I encountered a strange problem: while i can ping #2 from #1 with ping -I eth1 192.168.0.3, pinging from #2 back to #1 is impossible.
#1 has the followin configuration:
bash-3.2# ifconfig
eth0 Link encap:Ethernet HWaddr 00:08:A1:90:E5:29
inet addr:192.168.0.1 Bcast:192.168.0.255 Mask:255.255.255.0
inet6 addr: fe80::208:a1ff:fe90:e529/64 Scope:Link
UP BROADCAST RUNNING MULTICAST MTU:1500 Metric:1
RX packets:15452 errors:0 dropped:0 overruns:0 frame:0
TX packets:17188 errors:0 dropped:0 overruns:0 carrier:0
collisions:0 txqueuelen:1000
RX bytes:10622616 (10.1 Mb) TX bytes:2581935 (2.4 Mb)

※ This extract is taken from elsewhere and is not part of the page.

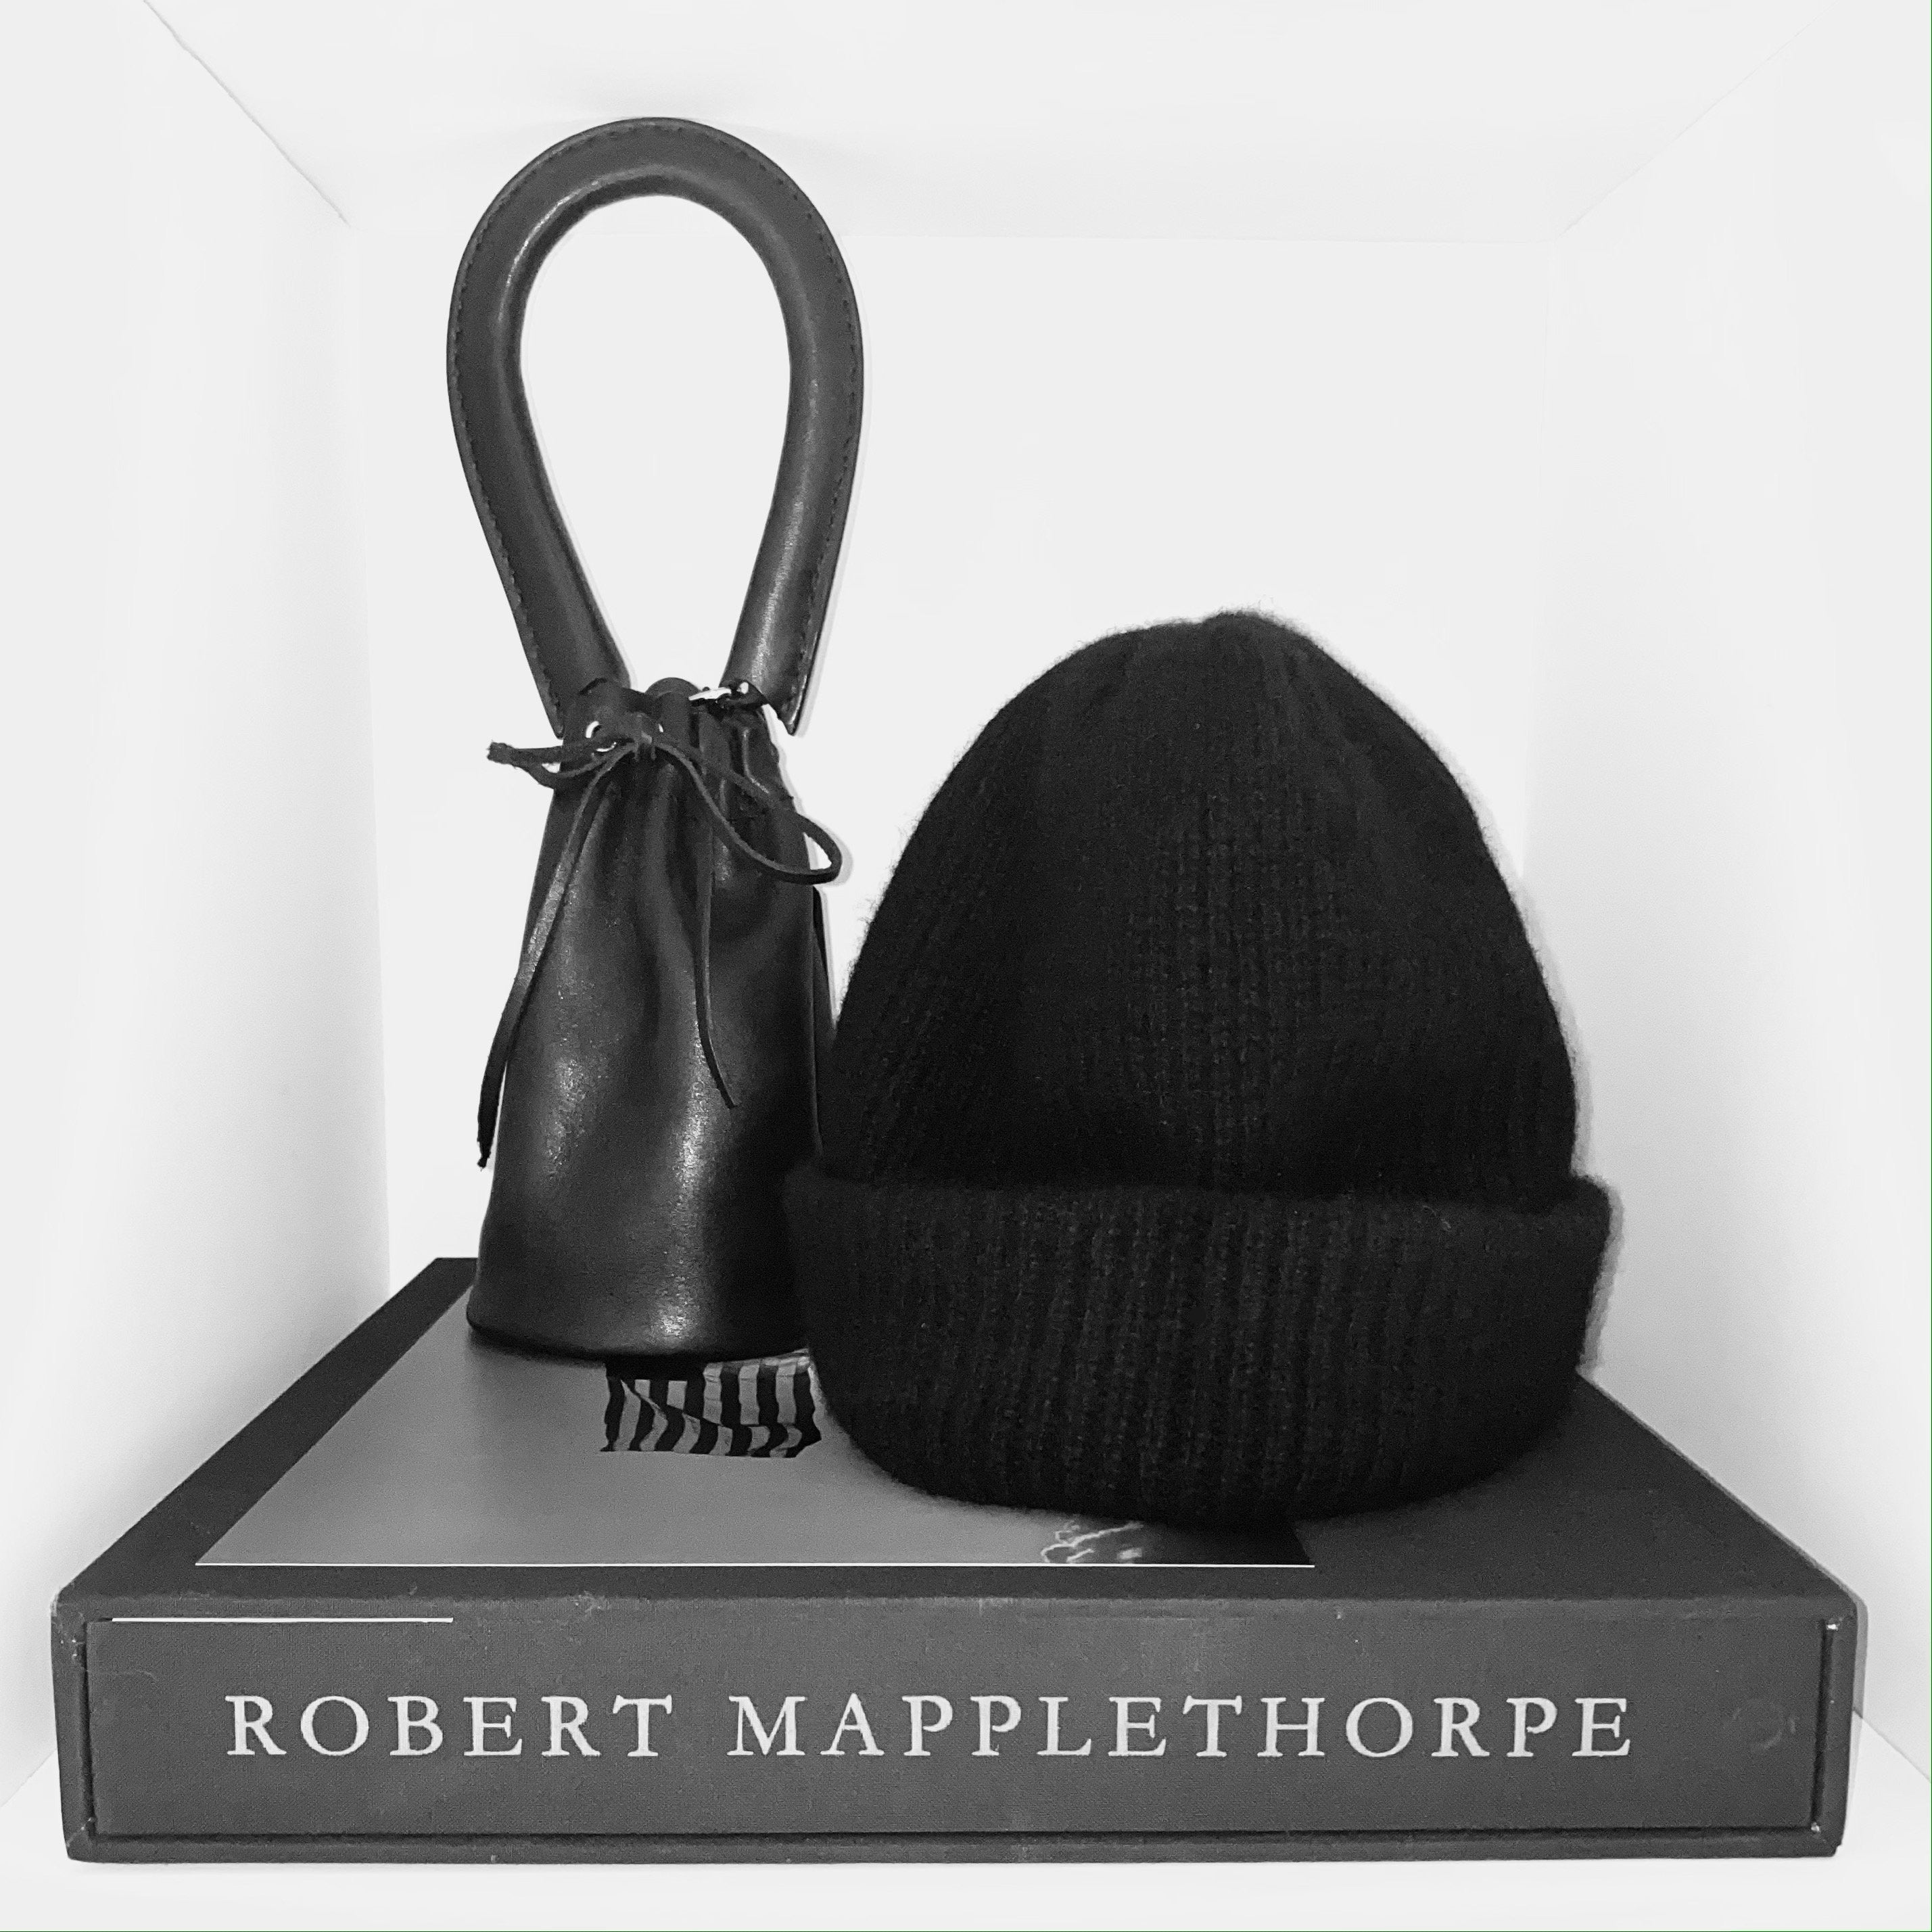 ROBERT MAPPLETHORPE BOOK by PHAIDON

Interrupt:18 Base address:0xd000eth1 Link encap:Ethernet HWaddr 00:1B:11:B7:F2:2A
inet addr:192.168.0.2 Bcast:192.168.0.255 Mask:255.255.255.0
inet6 addr: fe80::21b:11ff:feb7:f22a/64 Scope:Link
UP BROADCAST RUNNING MULTICAST MTU:1500 Metric:1
RX packets:0 errors:0 dropped:0 overruns:0 frame:0
TX packets:6 errors:0 dropped:0 overruns:0 carrier:0
collisions:0 txqueuelen:1000
RX bytes:0 (0.0 b) TX bytes:468 (468.0 b)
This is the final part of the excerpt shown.